The following argument contains elements Lola has touched on (in a very different way) and points I have made on here or elsewhere. There should be something which draws some kind of response from anybody interested in the subject:
"Your report on the latest spat within the Conservative party over the EU referendum(Cabinet crisis for Cameron as ministers break ranks over EU,13 May) raises an interesting question about what Tories the real agenda is. Big business and the City, the latter now largely owned by US investment banks which view the UK as an important bridgehead into Europe, clearly want to retain access to the single market- but without the employment, health and safety and welfare protections negotiated by the labour movement. This suggests that much of the Tory dissension is disingenuous posturing, designed to negotiate repatriation of powers in these areas and take the sting out of the UKIP threat, or represents "Little Englander" attempts to replace control of our economy by international monopoly capital with that of British monopoly capital.

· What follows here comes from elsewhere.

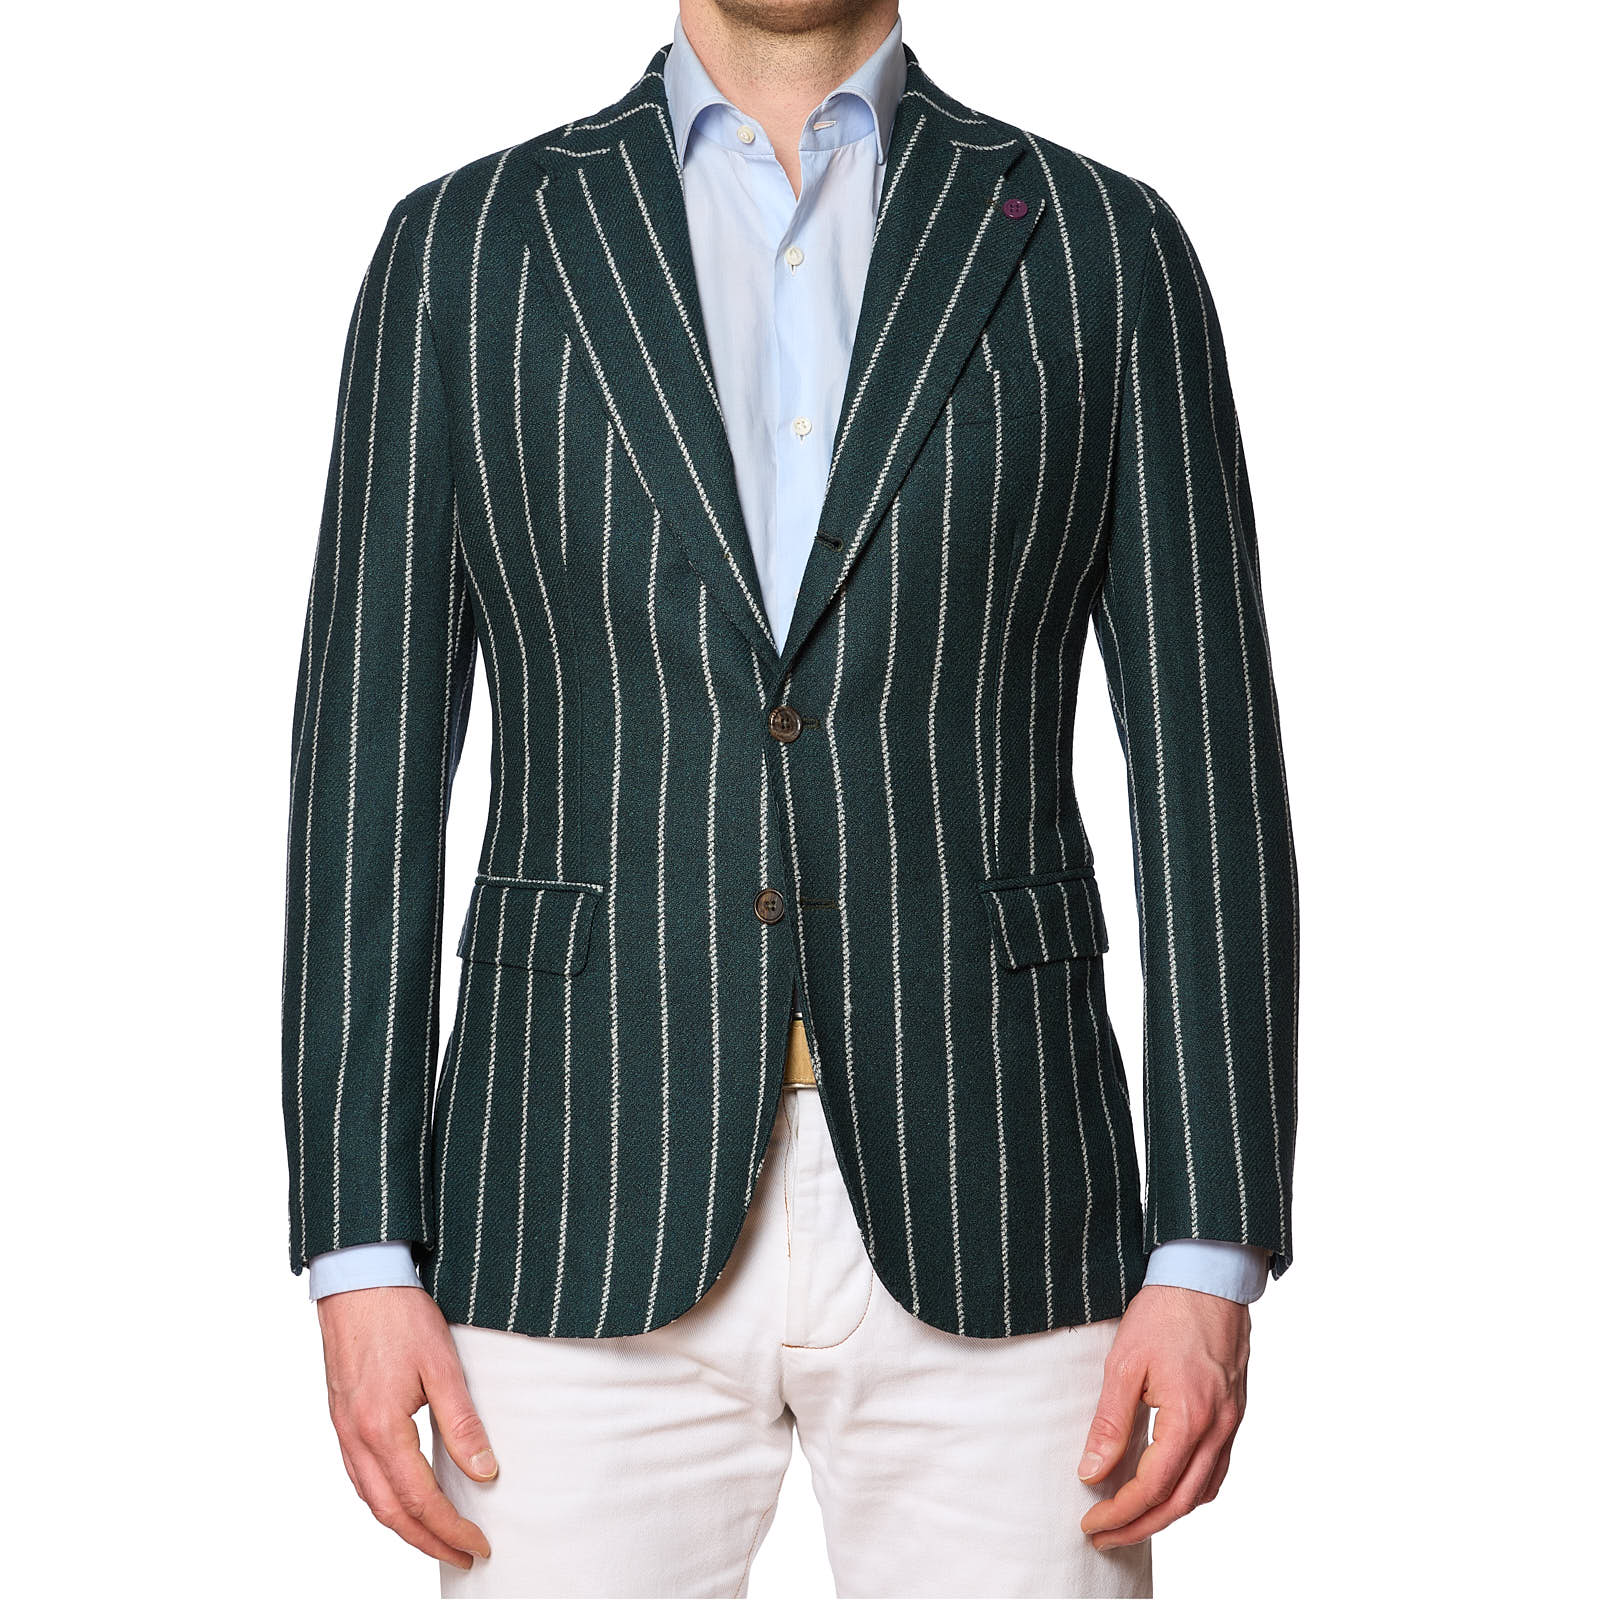 SARTORIA PARTENOPEA Green Striped Wool Jacket EU 48 NEW US 38 Current Model
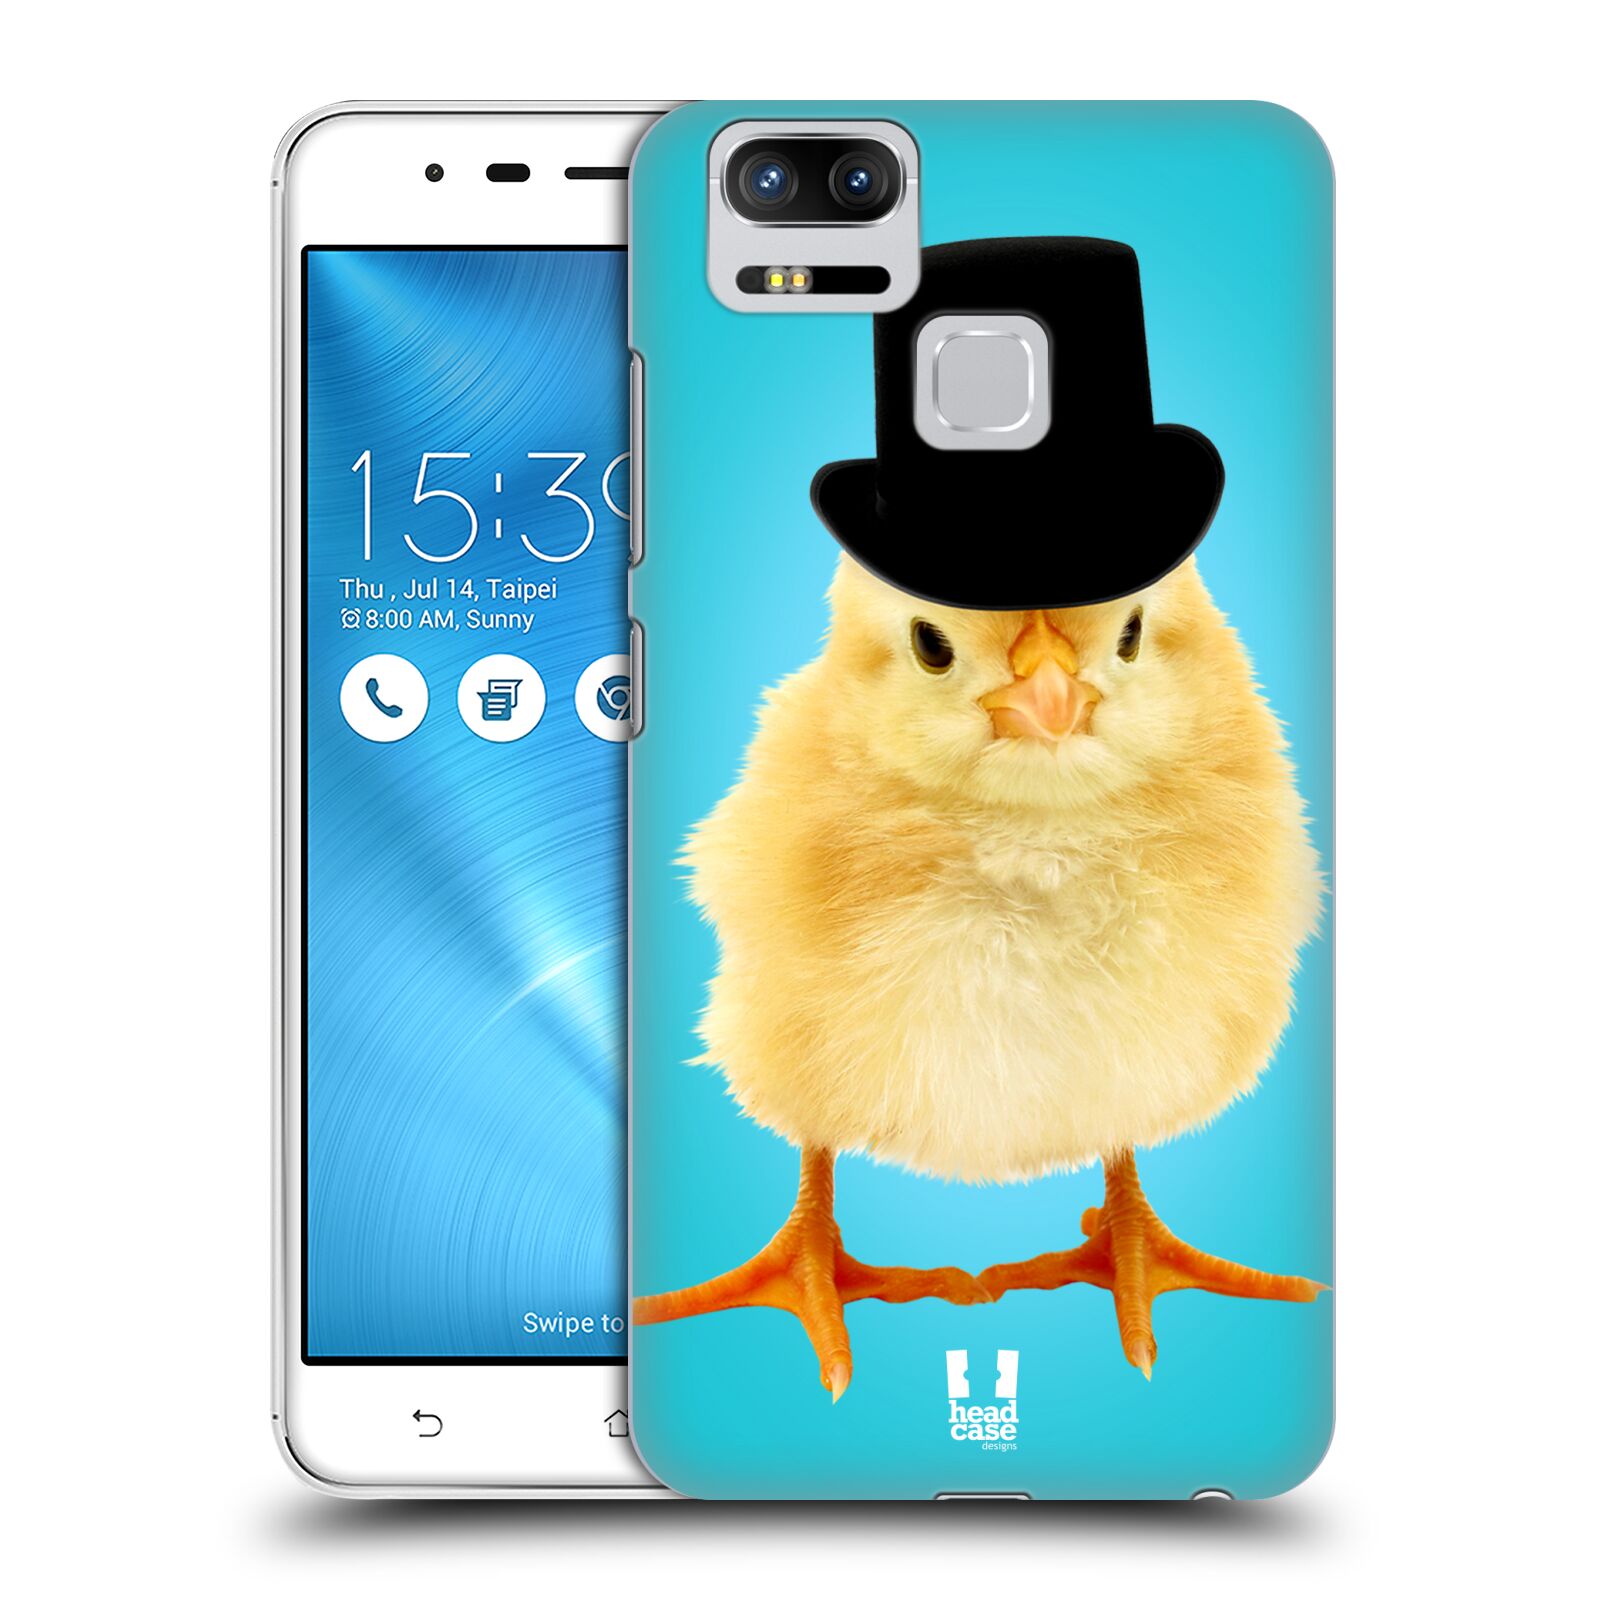 HEAD CASE plastový obal na mobil Asus Zenfone 3 Zoom ZE553KL vzor Legrační zvířátka Mr. kuřátko

But this shouldn't obscure the progressive argument for leaving the EU. The EU growth and stability pact outlaws Keynesian-style reflationary policies. Competition policy prevents state aid to strategic industries. The EU services directive forces privatisation of what remains of the public sector. And European court of justice rulings undermine collective bargaining and wage levels. Social Europe is a con. The left needs to make the case for an alternative, progressive future outside the EU- where we have the right to self determination, can rebalance the economy away from finance towards manufacturing and can construct a society on democratic, socialist terms."
Chris Guiton
There you are : any number of arguments some highly nuanced.Lets see if you can deal with them without being distracted by the identity of the writer.